Reference no: EM133931714
Milagro: Predicting Store Profitability at a Fast-Casual Restaurant Chain
1. Dataset Preparation and Rationale
Kathleen's team has already split the Milagro store data into training and testing sets.
Questions
Why did Kathleen's team split the data into a training set (374 stores) and test set (85 stores)?
What percentage of the total data is in the training set? Get expert online assignment help in the USA.
Explain what the training set will be used for, what the test set will be used for, and why it is important not to use the test set during model building.
2. Kathleen's Original Model
Kathleen originally built a multiple linear regression model using the training dataset to predict annual store profitability (annual.profit) as a function of four variables: agg.inc, sqft, col.grad, and com60.
Questions
Fit a linear regression model using the training data with the four variables:
agg.inc, sqft, col.grad, and com60.
Write the complete linear regression equation for predicting annual store prof- itability from these four predictors. Your equation should be in the form:
annual.profit = β0 + β1 × agg.inc + β2 × sqft + β3 × col.grad + β4 × com60
Using the estimated regression model, what annual profitability is predicted for a Milagro store located in an area with:
Aggregate income (agg.inc) of $100,000,000
Store size (sqft) of 800 square feet
College graduate percentage (col.grad) of 0.30 (30%)
Long commute percentage (com60) of 0.10 (10%)
Evaluate the quality of the original model:
What is the R2 value on the training data?
What is the R2 value on the test data?
Test the statistical significance of the predictors:
Which independent variables are statistically significant at the 5% level (α = 0.05)?
Which variable has the smallest p-value (most statistically significant)?
Which variable has the largest p-value (least statistically significant, but still below 0.05)?
3. Exploratory Correlation Analysis
Kathleen wants to understand the relationships between variables in the expanded dataset before building more complex models.
Questions
Compute the correlation matrix for all numerical predictor variables (exclude store.number, annual.profit, and state).
The dataset now has 10 predictor variables: the 4 original variables plus 6 new variables.

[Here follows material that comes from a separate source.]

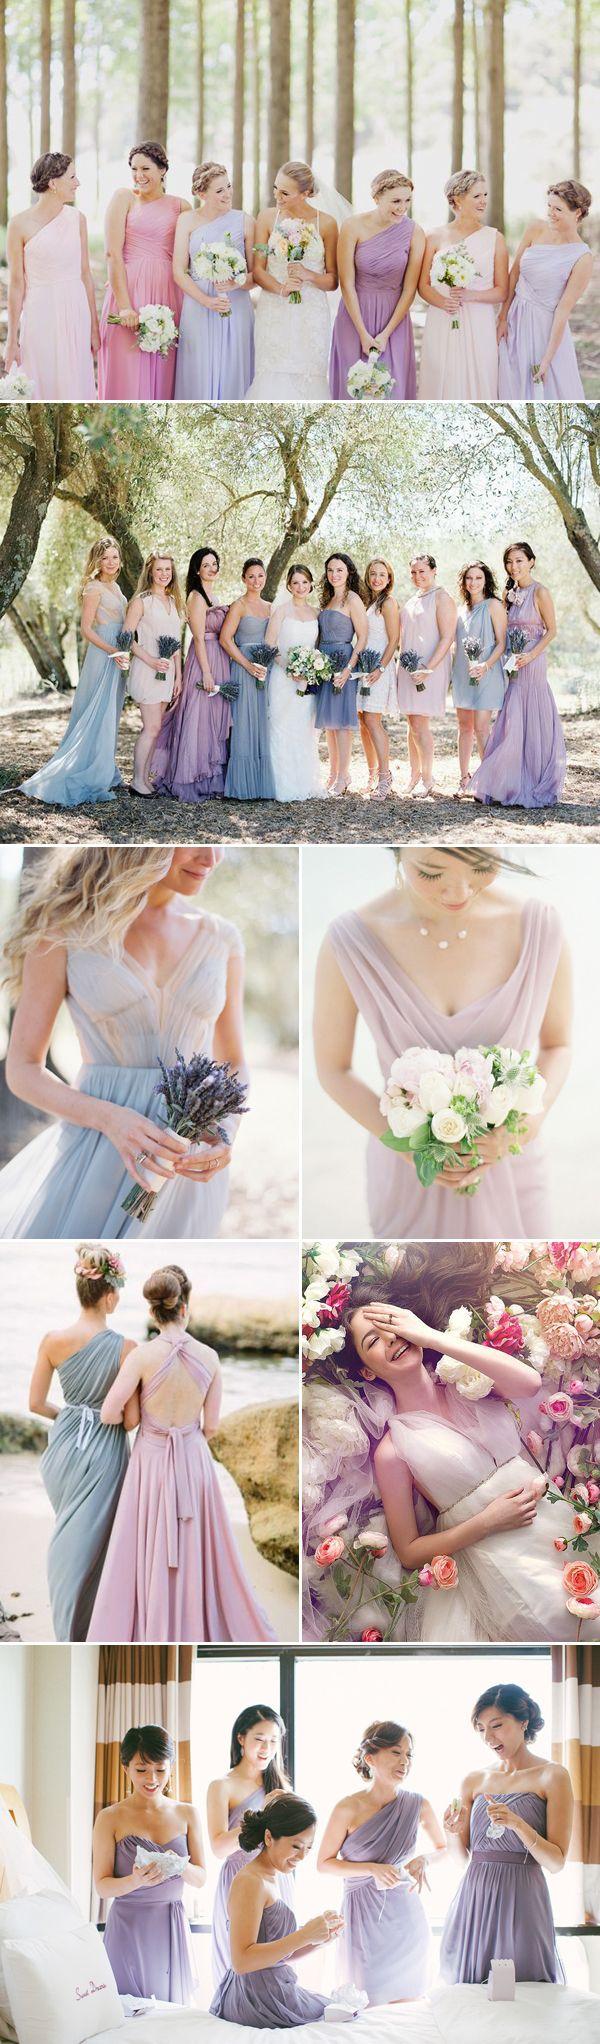 Wedding - Top 8 Bridesmaid Dress Trends For Summer 2014
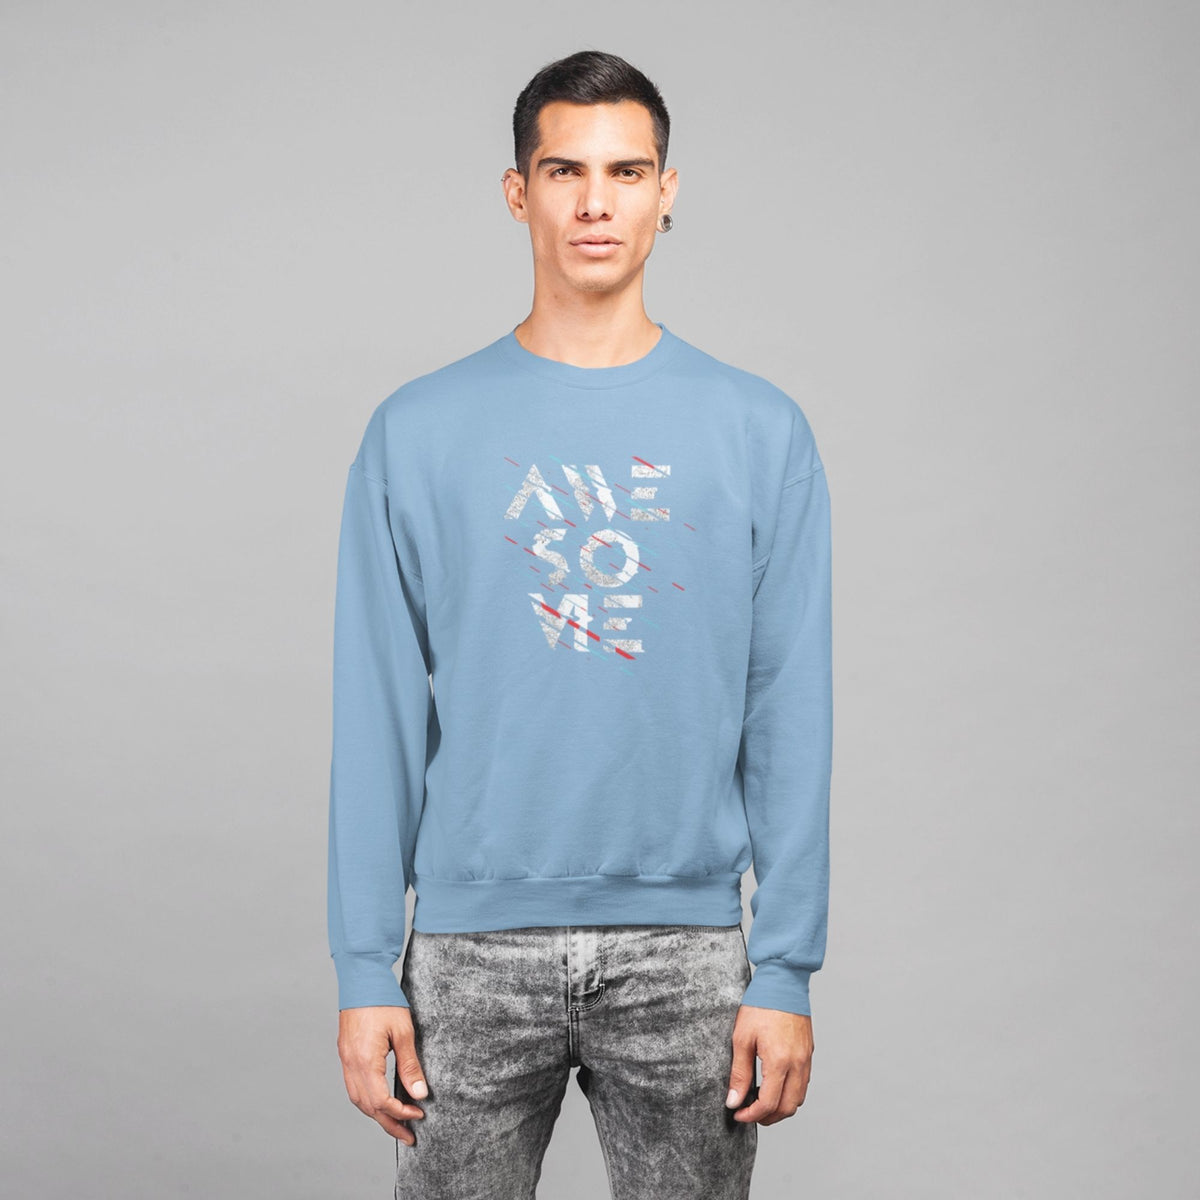 awesome-cotton-printed-unisex-light-blue-men-model-sweatshirt-gogirgit-com

Identify the three pairs of variables with the strongest correlations (highest absolute values). Report the correlation coefficient for each pair.
Statistical significance of new variables: Build a regression model using ALL 10 variables (the 4 original plus 6 new variables). Test the statistical significance of each variable at the 5% level (α = 0.05).

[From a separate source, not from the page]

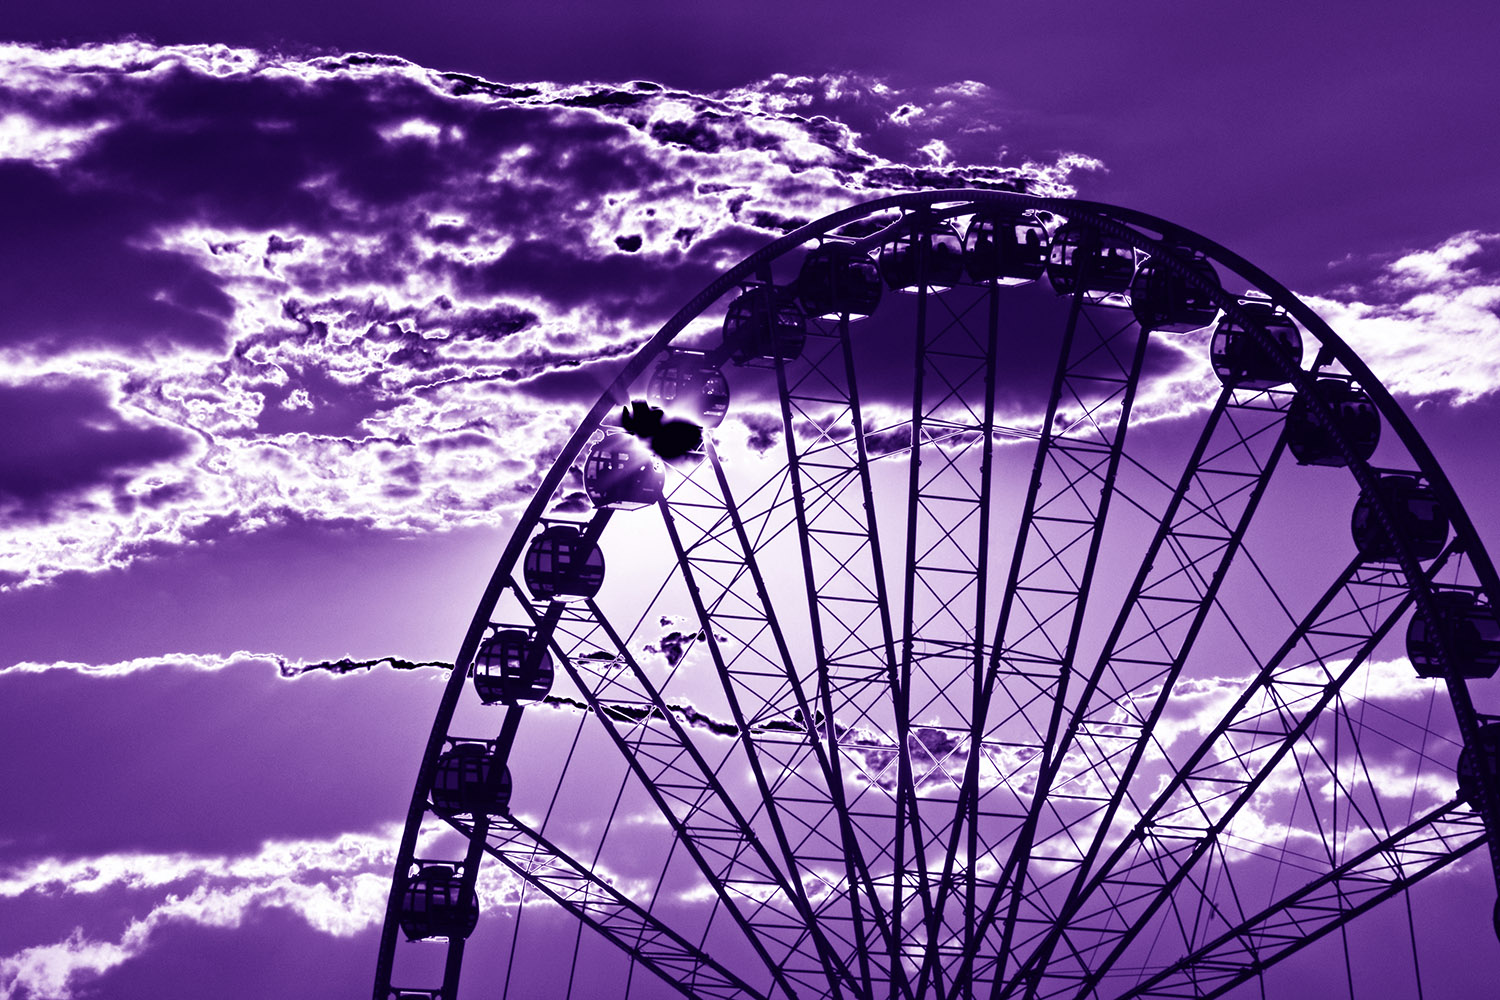 Ferris_Wheel,_National_Harbor_Sun_Clouds_Purple_Violet_Silhouette_Maryland.jpg

Which of the 6 new variables (lci, nearcomp, nearmil, freestand, gini, housemed) are statistically significant?
Which of the new variables are NOT significant? What does this suggest about their usefulness in predicting store profitability?
4. Model Comparison
Now build and compare four different models.
Questions
Fit and evaluate four models using the training data:
Model A: Kathleen's Original Model
Variables: agg.inc, sqft, col.grad, com60
Model B: Full Model
Variables: All variables except store.number, annual.profit, and state
Model C: Parsimonious Model
Build this model by removing variables that meet either of these criteria:
Variables that are NOT statistically significant at the 5% level (from Question 7).
Variables involved in pairs with absolute correlation > 0.70 (from Question 6). For highly correlated pairs, keep the variable with stronger correlation to the outcome variable (annual.profit).
Model D: Alternative Model
Start with the original 4 variables (agg.inc, sqft, col.grad, com60).
Add ONE variable from the 4 significant new variables identified in Question 7:
lci, nearcomp, nearmil, freestand.
Test each of the 4 possible additions (one at a time) and choose the one that:
Improves test R2 compared to Model A, and
Maintains total profitability prediction ≥ $40 million.
For Model D report which variable you added.
For each model, report:
Training R2
Test R2
Total predicted profitability for the 48 construction sites (in millions)
Model recommendation and the dilemma: Review the performance of your four models. You should notice a critical dilemma: Models with the highest test R2 (best predictive accuracy) predict profitability BELOW $40 million, while models that meet the $40 million target have lower test R2.
Which model would you recommend to Harriman Capital? In your answer, dis- cuss whether you should prioritize statistical performance (higher test R2) even if it means revising the $40M profitability estimate downward, or prioritize meet- ing the business requirement ($40M target) even with lower predictive accuracy. What are the business risks of each choice?